For all of you reading this, I love that you talked about the craziness. A lot of people are going to say that you’re crazy because they don’t see things the way you see them. You’re seeing a vision that most of your peers, most of your associates, most of your family members have no clue exists, but you see it. You see it because you’ve got some weird molecule afloat around in there, some gene that everybody else didn’t pick up on and that’s the entrepreneurial gene. If you have it, you cannot deny it. You can’t ignore it and eventually you’ll act on it. Don’t be afraid. Don’t think you’re too young, you’re too poor, you’re not situated right, you’re in the wrong tent. Don’t do that. Start acting on your dreams. Start having your eyes opened to an opportunity like RJ and Laverne have done. You’ll see that in a relatively short amount of time, your world can become dramatically different because you pursued that vision that you saw, that other people were missing. That’s a huge lesson on the path to becoming an Unshackled Owner. We look forward to seeing you again.
Links Mentioned:
- Laverne and RJ Cox
- Unshackled Owner Program
- Evergreen Investment Realty
- Magnify Your Wealth Conferences
About RJ Cox
Evergreen Investment Realty is managed and owned by R. J. Cox a Georgia real estate broker with over 20 years’ experience in the asset, and investment brokerage management industry. He studied at New York University where he received his Bachelors in Real Estate Sciences with a specialization in Business Management. His desire to ensure real estate investments are done with an awareness to the benefit to an owner and end user speaks to his professionalism to advise for high quality investments with a commitment to a just impact in the world around us.
About Laverne Cox
LaVerne Cox, co-founded Evergreen Investment Realty.
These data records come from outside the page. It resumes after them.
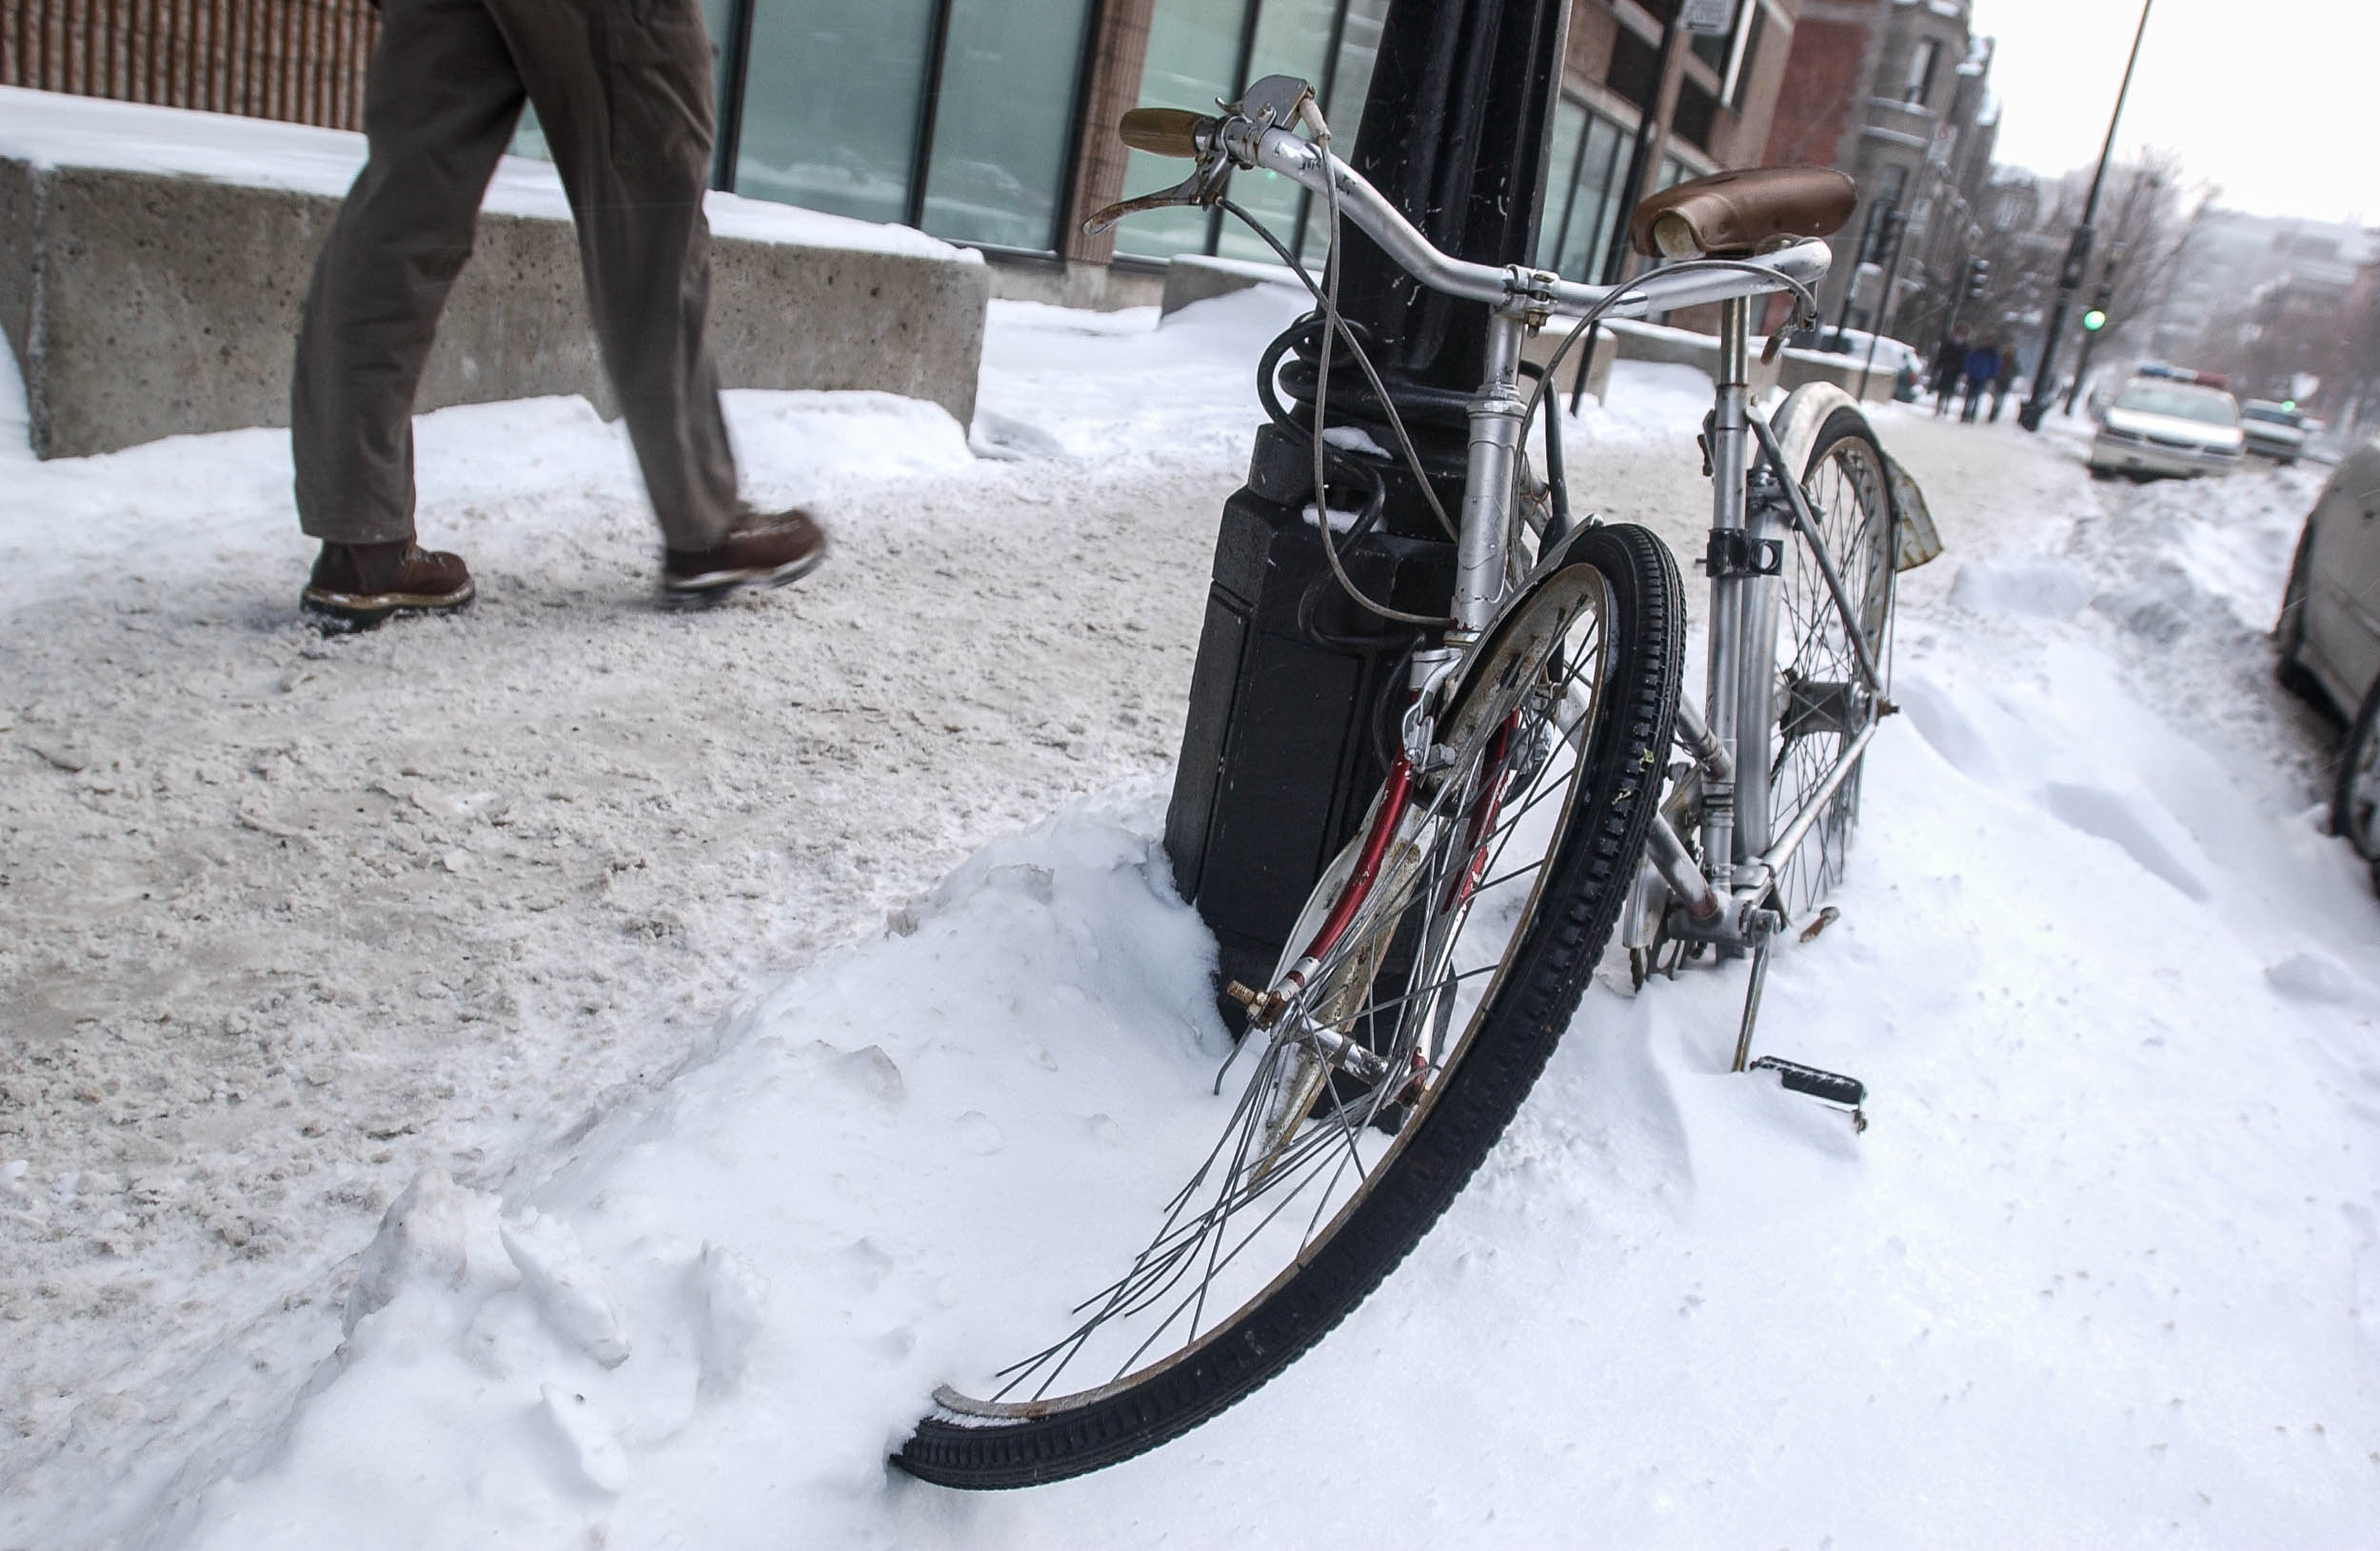  Dure, la vie de vélo à Montréal, souvent cadenassé à un poteau ou un arbre le temps d'un café qui s'allonge ou d'un verre en bonne compagnie, le temps vient changer la vie de cette bécanne en la transformant au fil des saison.
PHOTO / NORMAND BLOUIN
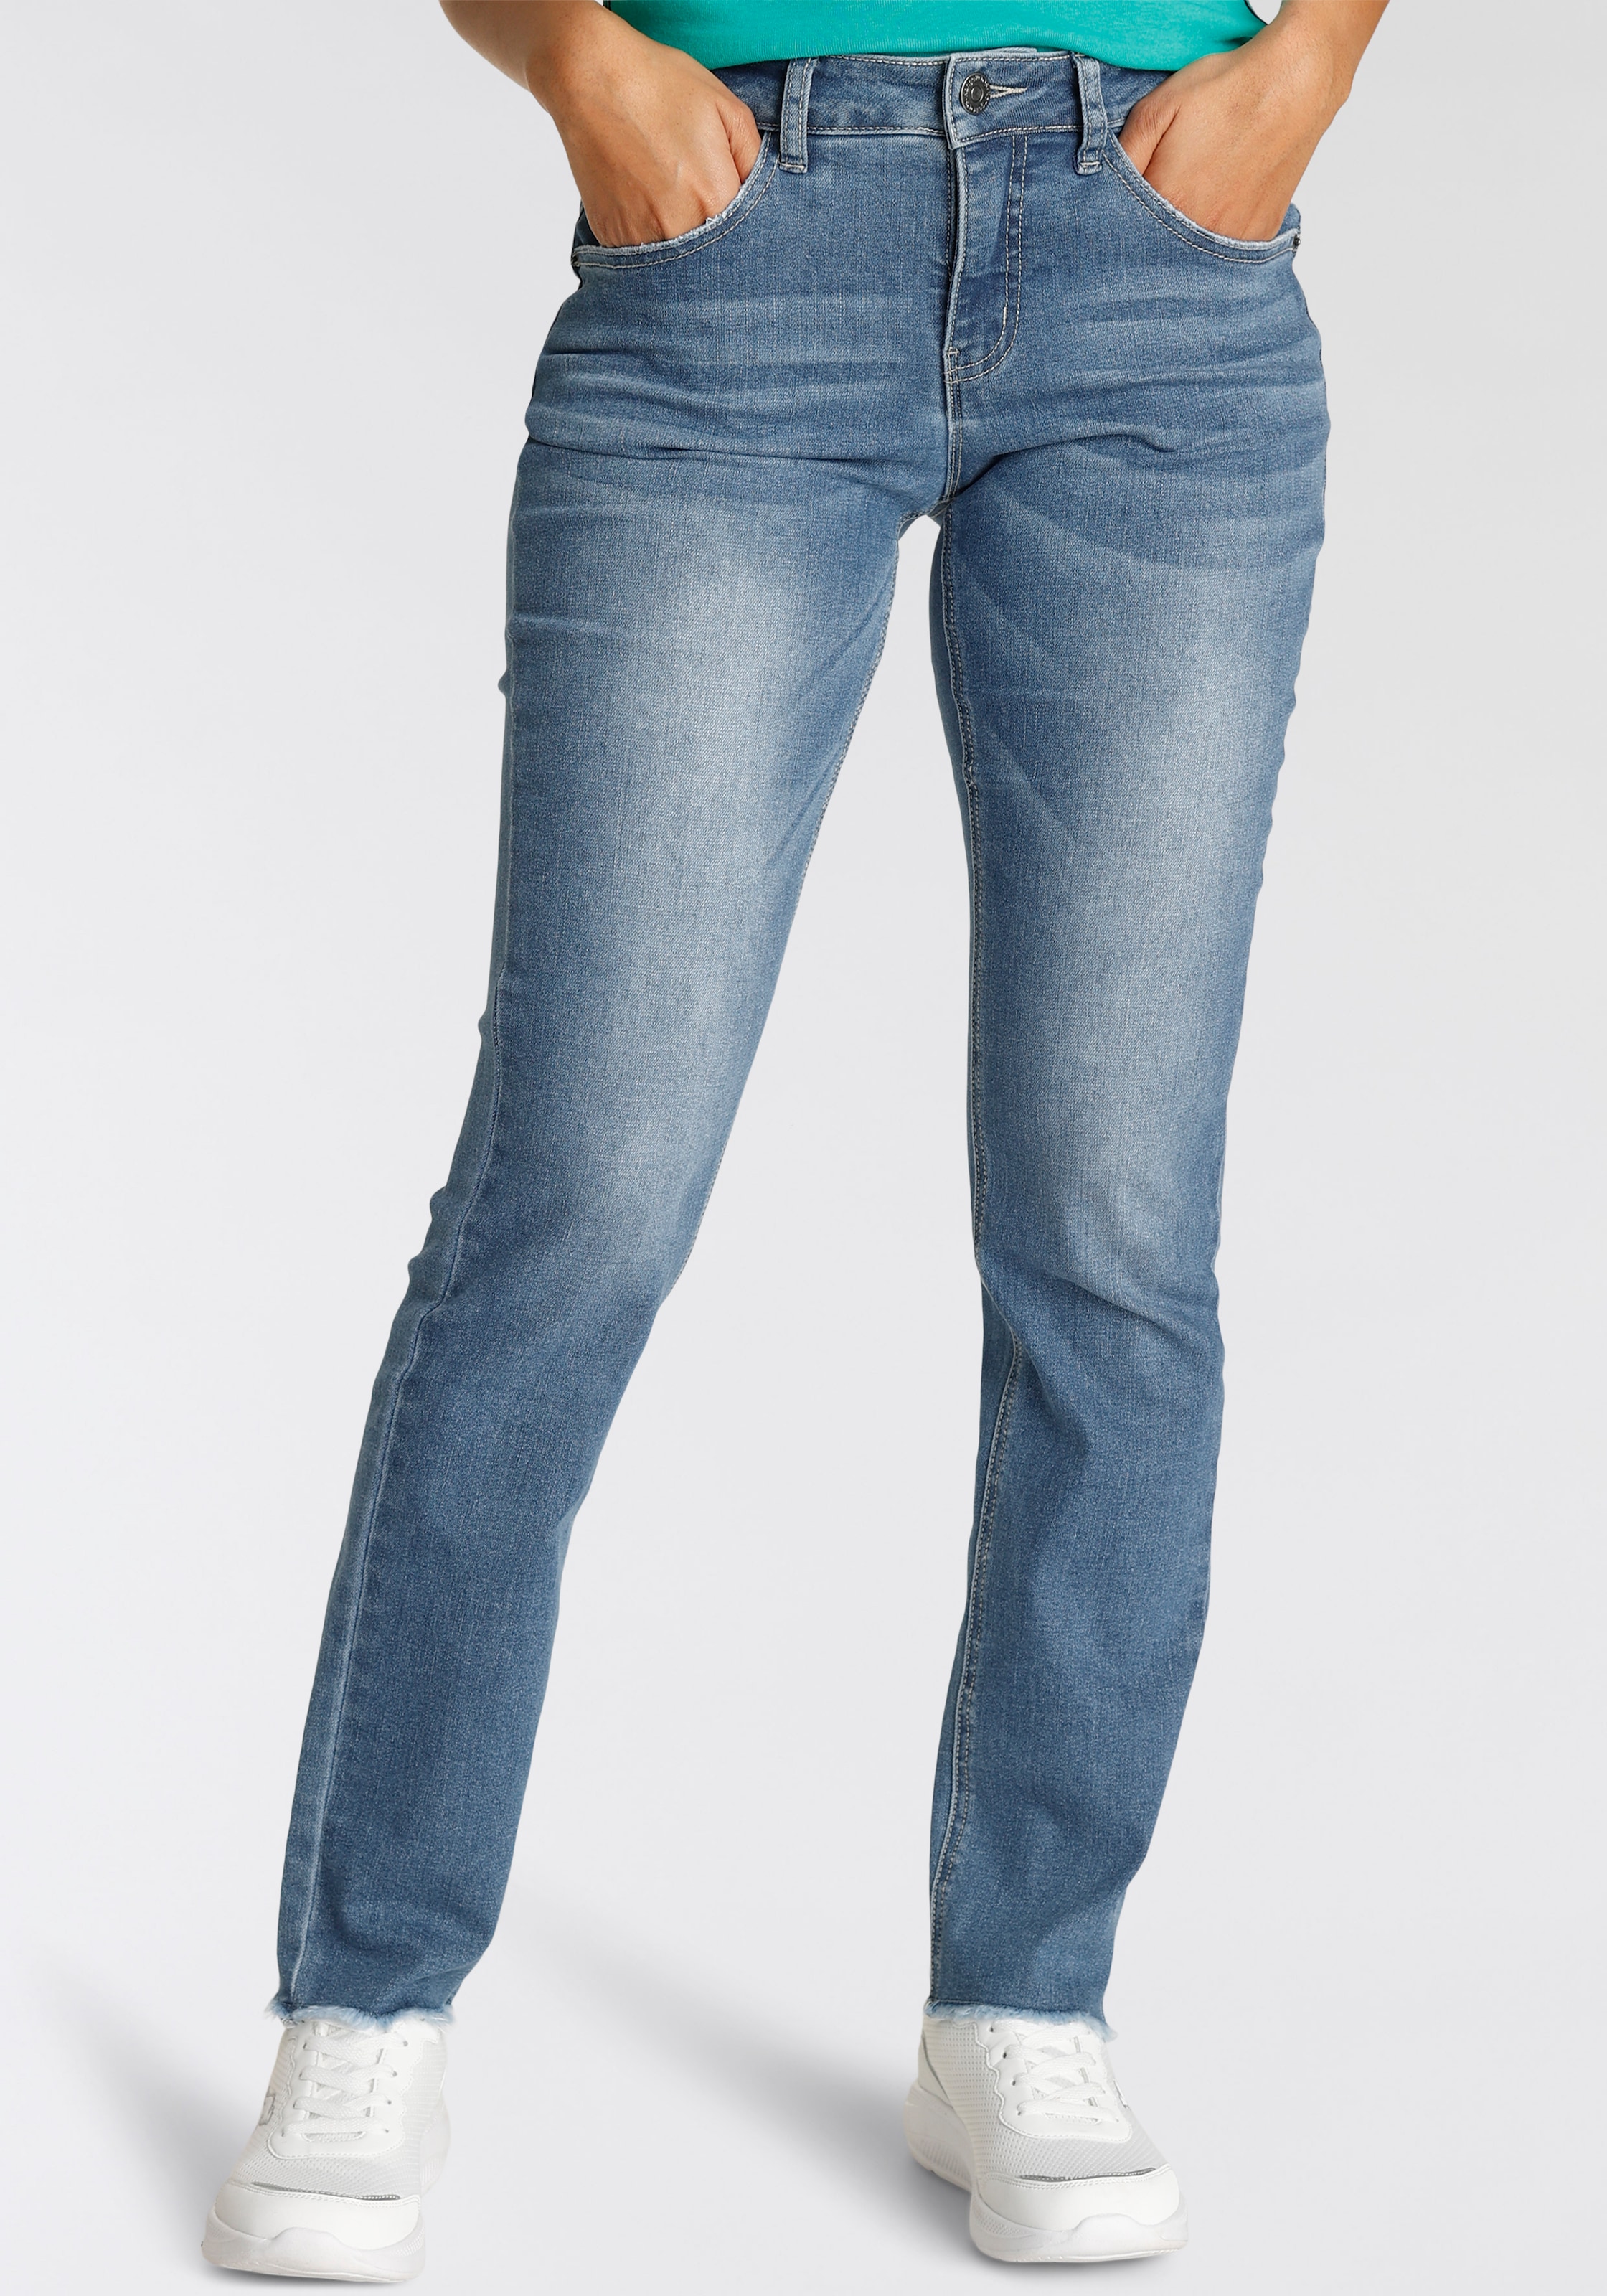 begrenzte Verkaufsstelle KangaROOS Regular-fit-Jeans »STRAIGHT-FIT MID - bei online Mit KOLLEKTION offenem Schweiz Jelmoli-Versand NEUE shoppen RISE«, Saum
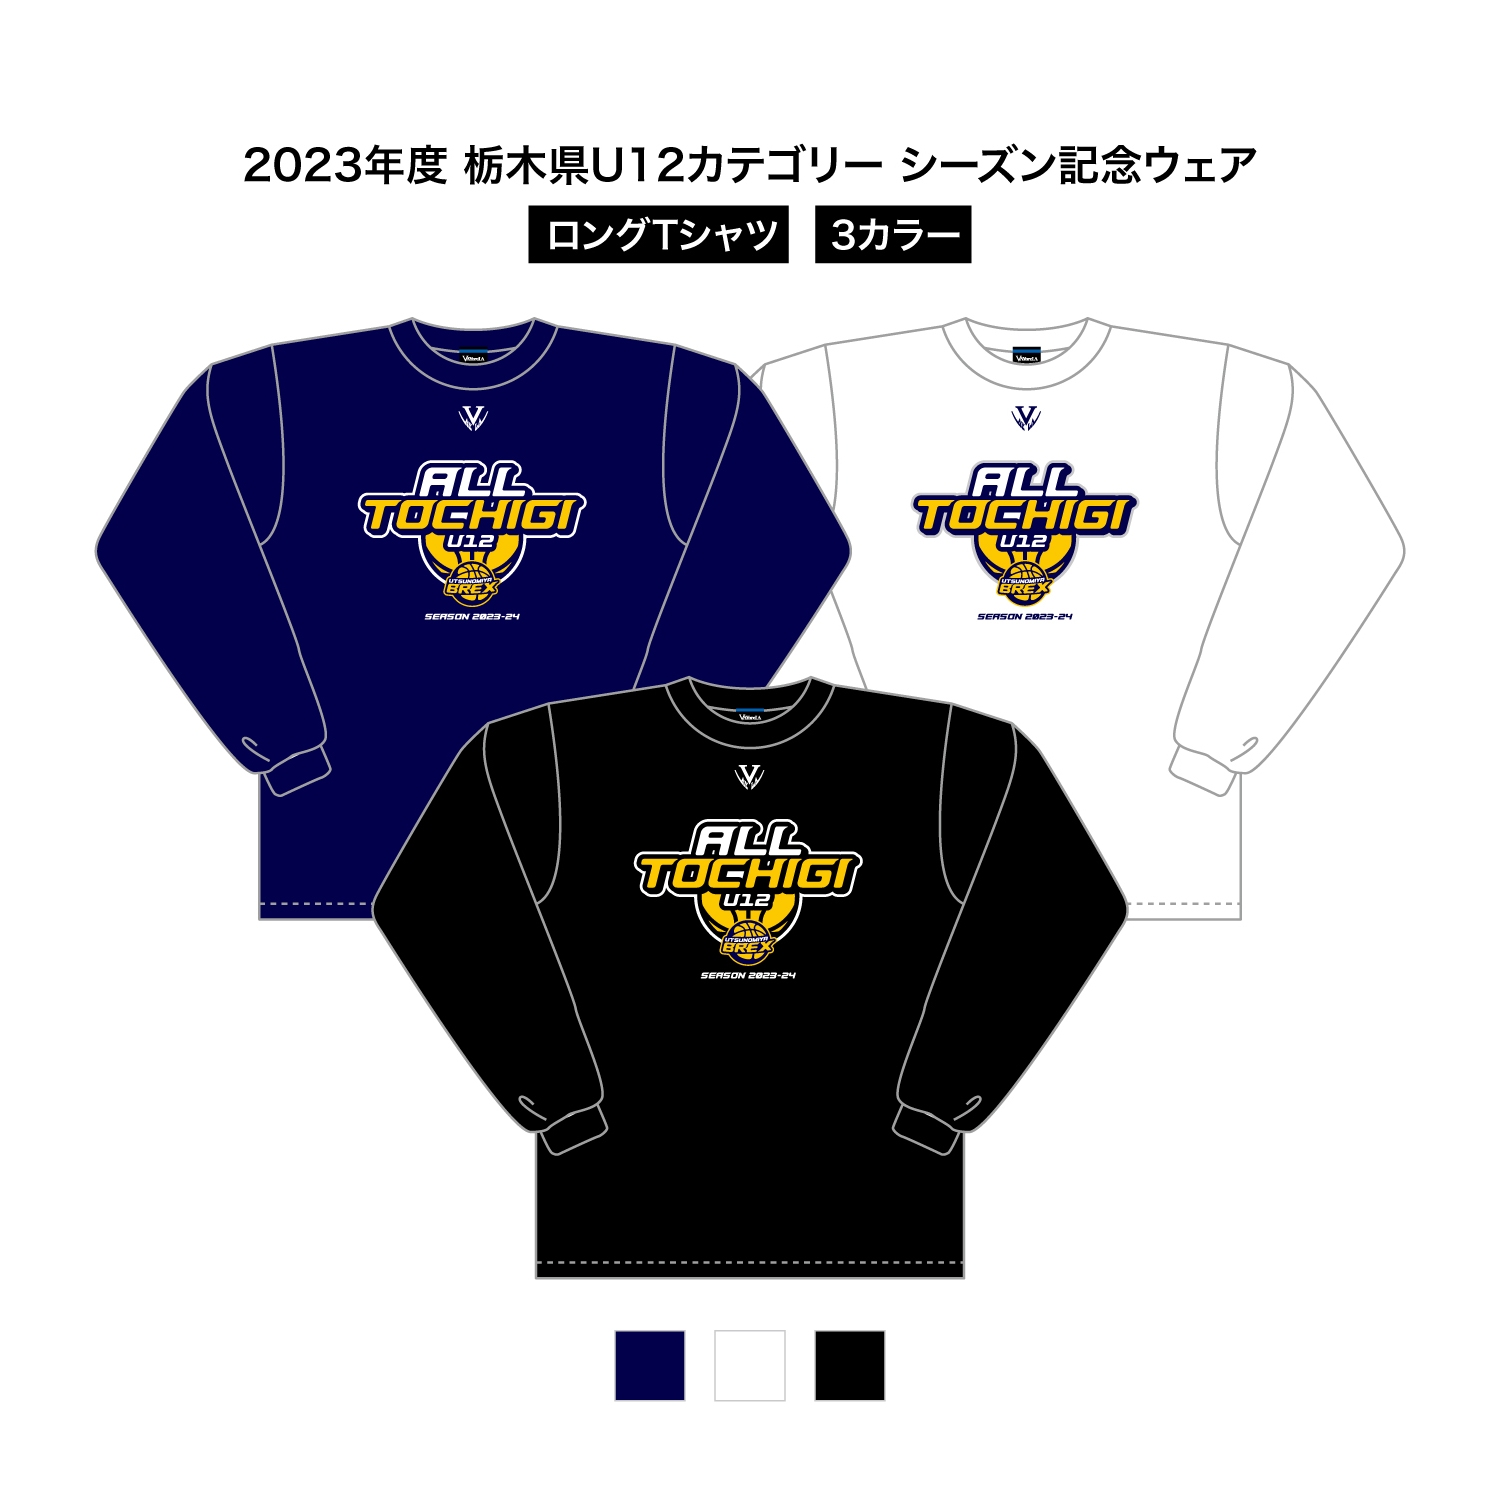 2023 栃木県U12 シーズン記念ウェア ドライロングスリーブTシャツ

As a graduate of Baruch College with a MBA in Organizational Management with a specialization in Entrepreneurship and a Bachelors in Finance from Hofstra University. LaVerne has worked to ensure Evergreen’s systems are crafted and maintained to support the vision and mission of Evergreen Investment Realty in unlocking real estate investment opportunities that position our clients’ investment portfolio to thrive. LaVerne’s experience as an Incubation Manger, and Organizational Management Consultant has prepared her as an excellent resource for our team’s development.